Petitioner contends that the 125 percent markup is clearly arbitrary and excessive. Respondent, in opposition, urges that this percentage, if in error at all, errs in favor of petitioner. It is respondent's position that computations based on petitioner's stipulated wholesale costs of liquor show that petitioner's markup on virtually all items sold most frequently was in excess of 125 percent. The 1959 and 1960 average markup on each type of liquor substantially exceeded 125 percent. Petitioner's shelf prices during 1958 are unknown, and, therefore, markup computations for that year cannot be made. However, the record shows that although petitioner's wholesale costs of some brands increased slightly in 1960, the shelf prices throughout all the years in question remained substantially the same. Admittedly*223 the schedule used by respondent to establish petitioner's markup on his various liquor items is not statistically infallible. Petitioner's average markup on his liquor operations as a whole cannot be determined precisely, because the quantities of each brand sold in the various unit sizes are unknown and, hence, the individual items cannot be weighted. The same is true of the markup on each particular type of liquor as a class.
Despite these minor defects, however, we believe that the markup of 125 percent, under the circumstances of this case, is reasonable. Petitioner's overall 1959 and 1960 markups on all of his most popular brands in all sizes were 134.28 and 130.50 percent, respectively, and on all brands in the most frequently sold one-half pint sizes were 136.68 and 132.64 percent, respectively.

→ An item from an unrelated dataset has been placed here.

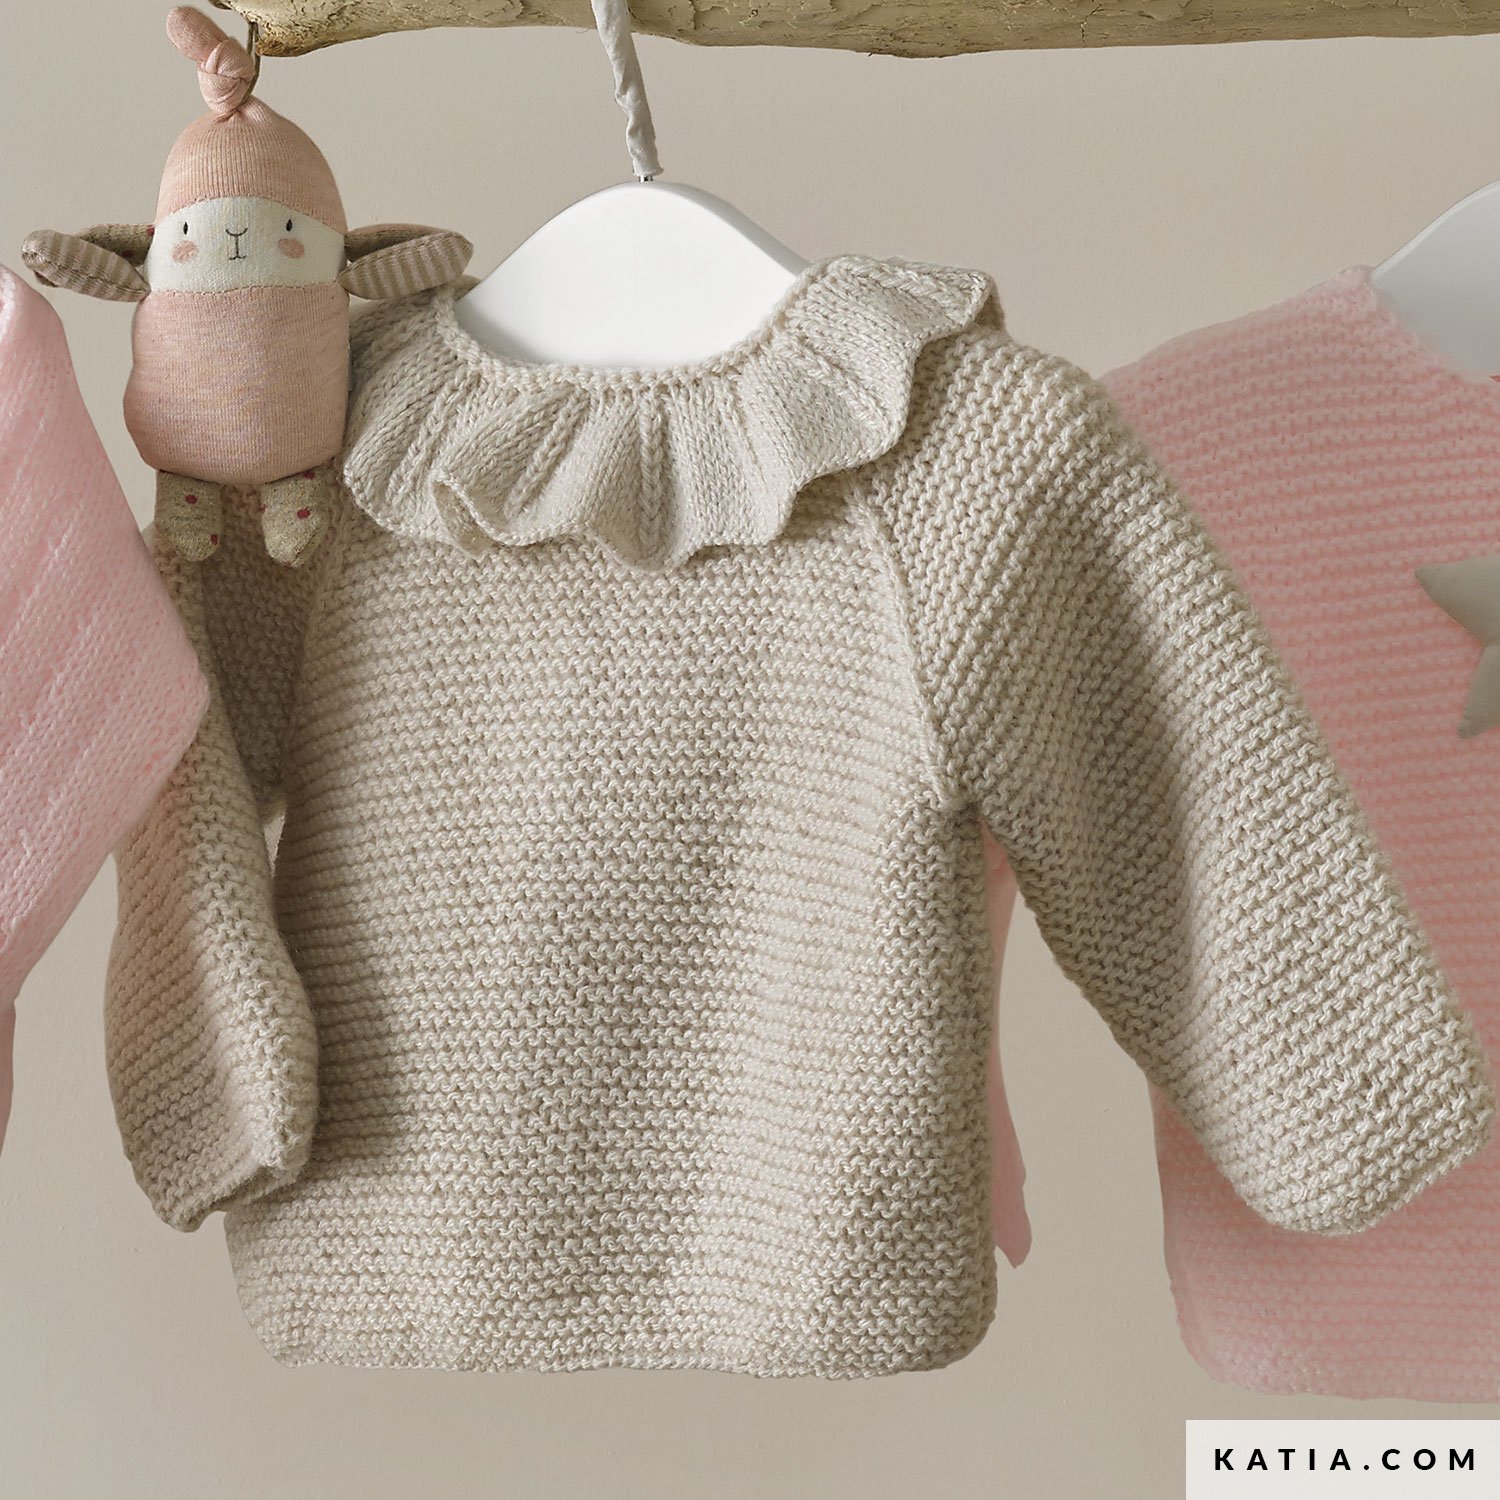 Hand knitted baby sweater Kleding Meisjeskleding Babykleding voor meisjes Truien 6-12 months mint turquoise green button shoulder jumper

At the very least, petitioner's actual average markup exceeded by nearly 6 percent the 125 percent markup figure with which respondent determined petitioner's income for 1958 through 1960.
We find no merit in petitioner's contention that the respondent did not properly use the percentage markup method because specific weights were not assigned to the various bottles sold by petitioner. *224 Petitioner argues that by not using any weighing techniques, respondent "juggled" averages so that the high markup shelf price on half pints of Scotch and other brands rarely sold distort the shelf price markup average. During the three years involved herein petitioner purchased in excess of $500,000 of liquor, beer, and wine, and it would have been extremely difficult, if not impossible, to assign weights to the thousands of bottles of different brands and sizes sold by petitioner. Basic facts necessary to compute any type of weighted average were not available and the use of such method was not feasible under the circumstances herein. The quantities of each brand sold in the various unit sizes are unknown. The parties did not stipulate the cost of each bottle in each size sold by petitioner in each of the years in question. However, the evidence shows that about 70 percent or more of all sales were in one-half pints of Old Taylor, Old Crow, Kentucky Tavern, and I. W. Harper. The overall markup on these half pints was 136.68 percent in 1959 and 132.64 percent in 1960. Thus, even assuming that there was a very low markup on all other sales, the overall average markup would still exceed*225 125 percent.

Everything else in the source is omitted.